House debates
Monday, 2 March 2026
Statements by Members
PBS Co-payment Freeze
4:10 pm
Claire Clutterham (Sturt, Australian Labor Party) Share this | Link to this | Hansard source
Last week, with Assistant Minister McBride, I visited the Windsor Village Pharmacy—located in the north-eastern part of my electorate of Sturt—to speak to pharmacist Farida about the Albanese Labor government's cheaper medicines initiative. The Windsor Village Pharmacy is a family-run pharmacy with a focus on community. Owners Farida and Rodaina purchased it in 2007 with the goal of providing easy, convenient and patient-focused pharmacy solutions for the local community and the patients of the neighbouring Paradise Medical Centre.
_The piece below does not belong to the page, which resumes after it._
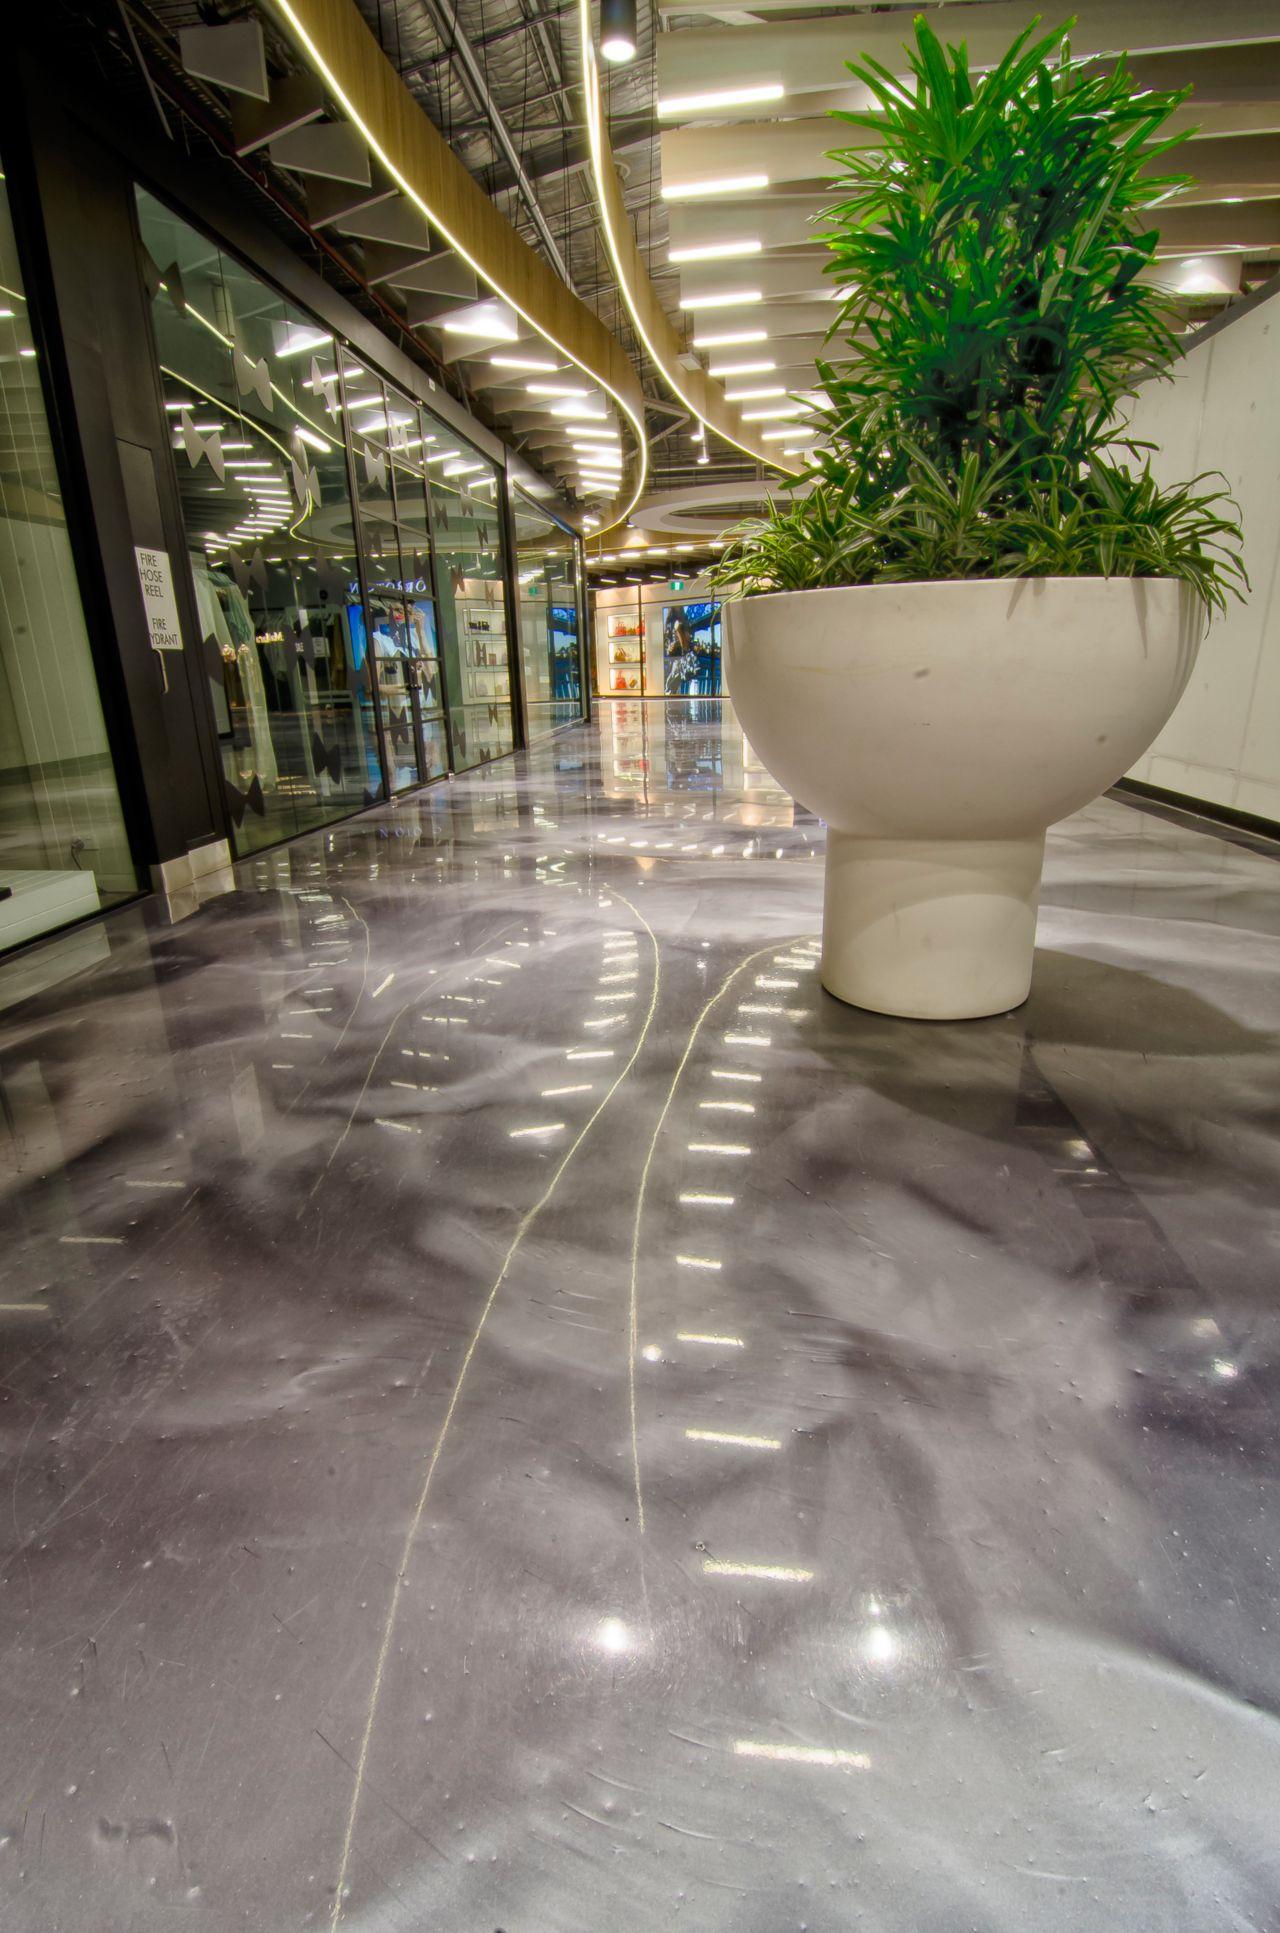 White plant vase on metallic floor in DFO Homebush shopping center

Farida and Rodaina have decades of pharmacy experience. They know their community, and they are deeply committed to providing personal, tailored services to each patient who walks through their door. Farida told me that her pharmacy had experienced an overwhelming response to the $7.70 per script rate for concession card holders. With many of her patients needing multiple scripts, the half-decade long freeze on increases to the concessional PBS co-payment, which began on 1 January this year, has actually been a life saver. Farida's patients with concession cards will pay a maximum co-payment of $7.70 until 2030. This freeze provides certainty about the maximum cost of PBS medicines. Seven dollars seventy means that people do not decide to not fill a script; they fill it, getting the immediate health care they need and deserve. Farida, like the Albanese Labor government, knows $7.70 scripts for concession card holders are not only good for the hip pocket but good for the community.